Joker: "I could watch those two all day. What a riot!"

  • Magnificent Bastard: The Joker is this as well as a Complete Monster. He counted on Batman being able to figure out that something was up with his behavior when being taken into the asylum, causing Batman to follow him to his cell. This ended up causing him to trap Batman on the island after all the prisoners broke free which meant that he had no choice but to fall right into the Joker's trap. He basically turned Batman's Genre Savvy nature against himself!

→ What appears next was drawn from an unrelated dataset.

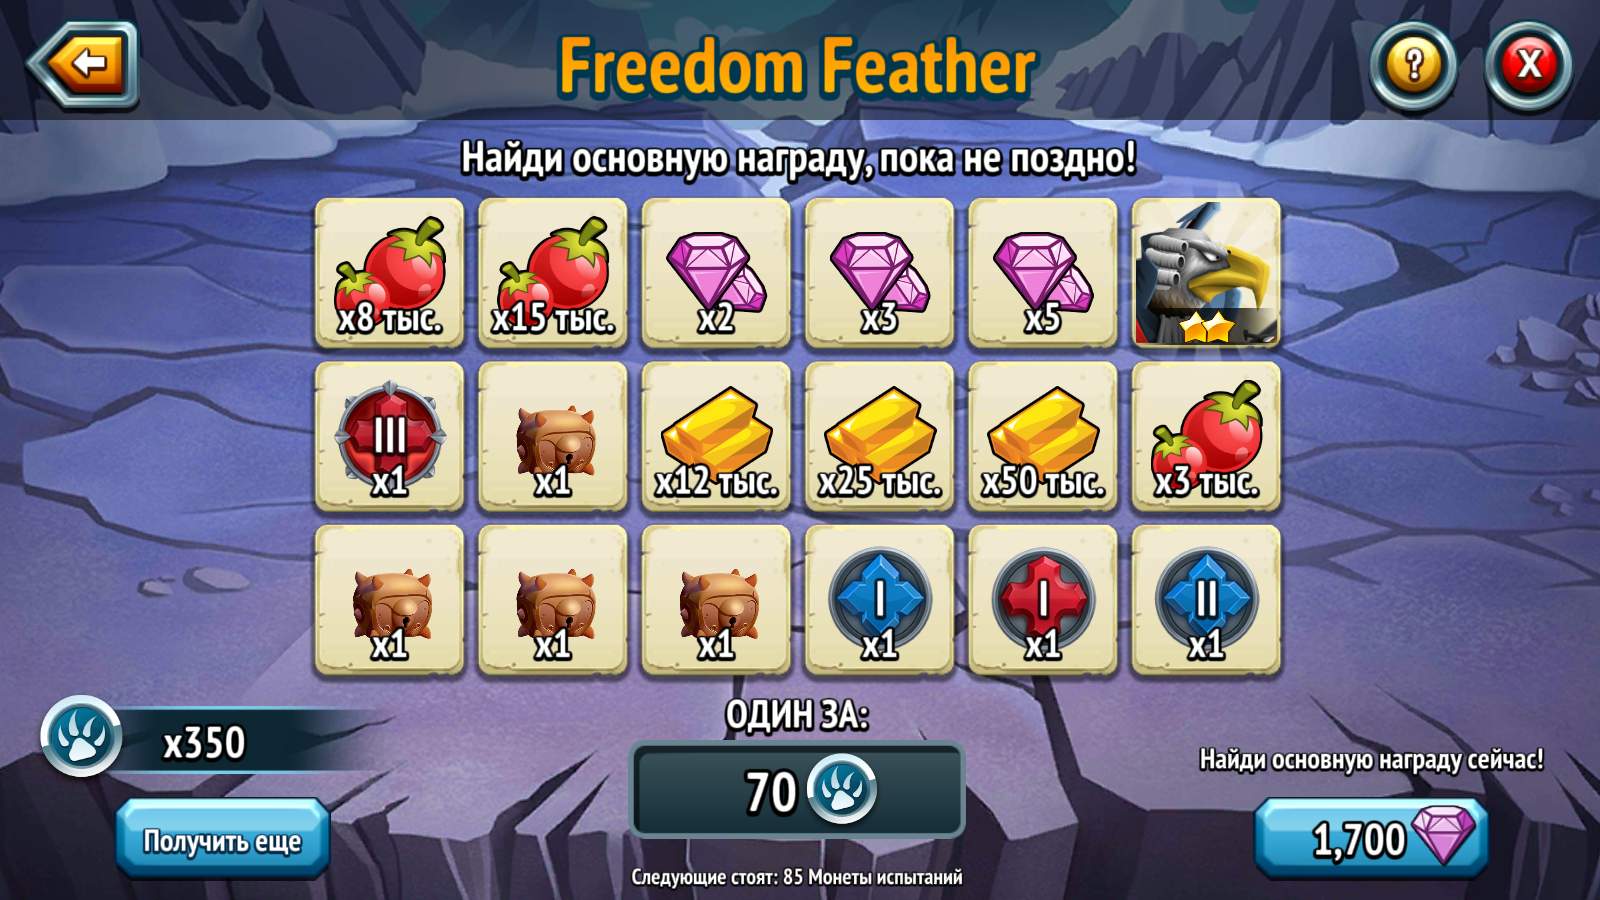 Freedom Feather

  • Memetic Mutation: "It's the BAT!"
    • "You heard the boss!"
    • Use the middle stick to dodge Joker's gunfire.
  • Most Annoying Sound:
    • "Heya, B-Man!" Harley Quinn's voice. This may very well be her superpower.
    • Mooks and bosses jeering as you're hit are incredibly annoying, which makes turning the tables on them even sweeter.
    • The Joker teeth chattering. Also in-universe, since the Riddler challenges you to destroy as many of the annoying things as possible.
    • As awesome as Mark Hamill as the Joker is... hearing the same two or three lines repeated over and over and over again as you try to Gold the challenges can get very annoying.
      • Same with the P.A. Joker lines. If you spend ANY amount of time outside, the Joker will call over the P.A. and say the same couple lines over and over and over. It gets to the point that you start to dread hearing the P.A.'s jingle.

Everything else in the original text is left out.